The shortlist for the 2015 Samuel Johnson Prize for non-fiction writing has been announced.

The six titles include Jonathan Bate's Ted Hughes: The Unauthorised Life and Robert Macfarlane's Landmarks.

A variety of genres, from journalism, philosophy and biography to memoir and science, feature in the shortlist.

The £20,000 prize, described by organisers as the UK's most prestigious of its type, was won last year by Helen Macdonald's H is for Hawk.

Macdonald was a special guest at the shortlist announcement by judges Sumit Paul-Choudhury and Rana Mitter at the London's Royal Festival Hall.

Her memoir, recounting how the death of her father prompted her to train a goshawk, went on to become a number one bestseller and to win last year's 2014 Costa Book of the Year Award.
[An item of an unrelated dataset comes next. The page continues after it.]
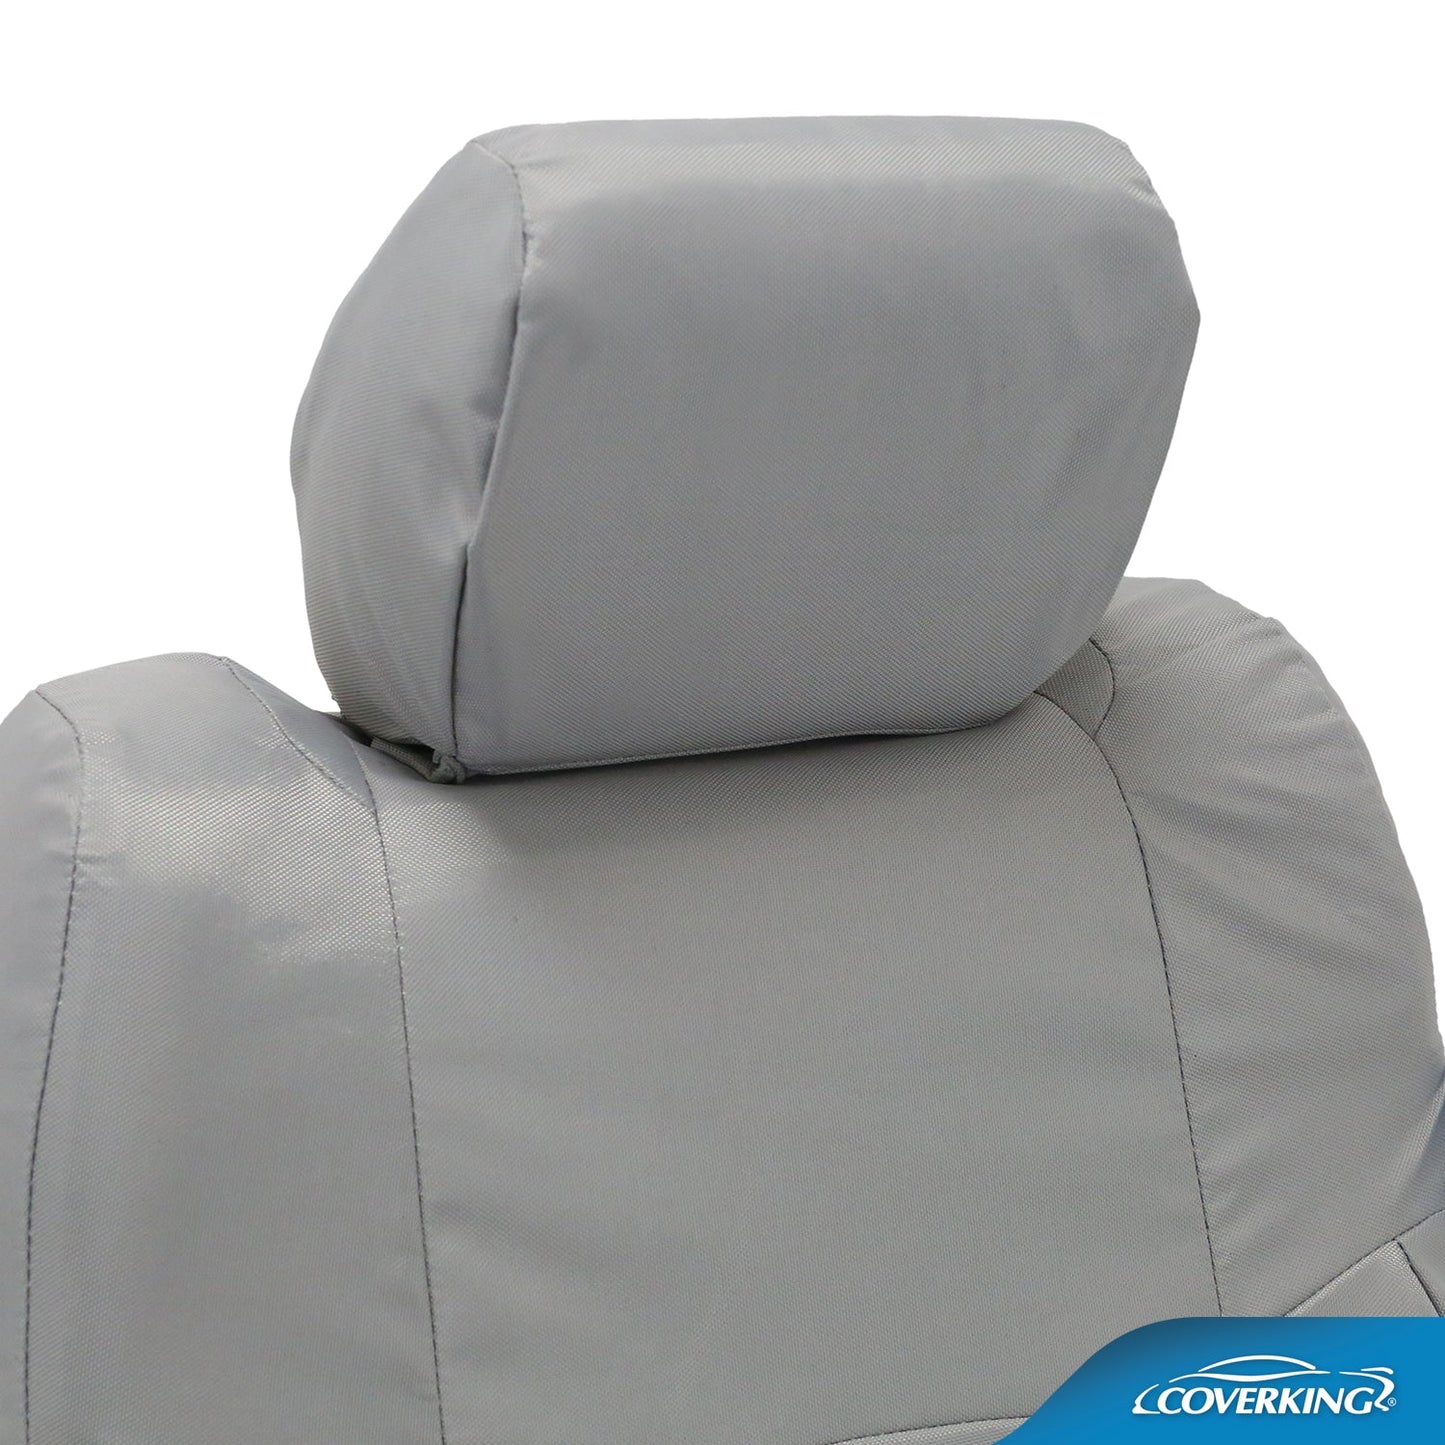 Coverking Ballistic Seat Covers - Partsaccessoriesusa

The award is said to illustrate how non-fiction can explore the "diverse facets of human existence in different ways".

The list in full:

  • Jonathan Bate, Ted Hughes: The Unauthorised Life

  • Robert Macfarlane, Landmarks

  • Laurence Scott, The Four-Dimensional Human

  • Steve Silberman, Neurotribes: The Legacy of Autism and How to Think Smarter About People Who Think Differently

  • Emma Sky, The Unravelling: High Hopes and Missed Opportunities in Iraq

  • Samanth Subramanian, This Divided Island

This year's shortlist was chosen by a panel chaired by Pulitzer prize-winning historian and journalist Anne Applebaum, with editor of Intelligent Life Emma Duncan, editor of New Scientist Sumit Paul-Choudhury, director of China Centre at Oxford University Professor Rana Mitter and head of Film 4 Tessa Ross.

Applebaum said: "We didn't quite come to blows, but the shortlist meeting was truly contentious; it's hard to imagine how five people sitting in a room on a weekday morning could have disagreed more strongly."

Toby Mundy, executive director of the Samuel Johnson Prize, said: "After a fiercely argued judges meeting, we now have a shortlist of terrific range and quality, proving that non-fiction publishing in this country is in rude health."

The winner will be announced on 2 November.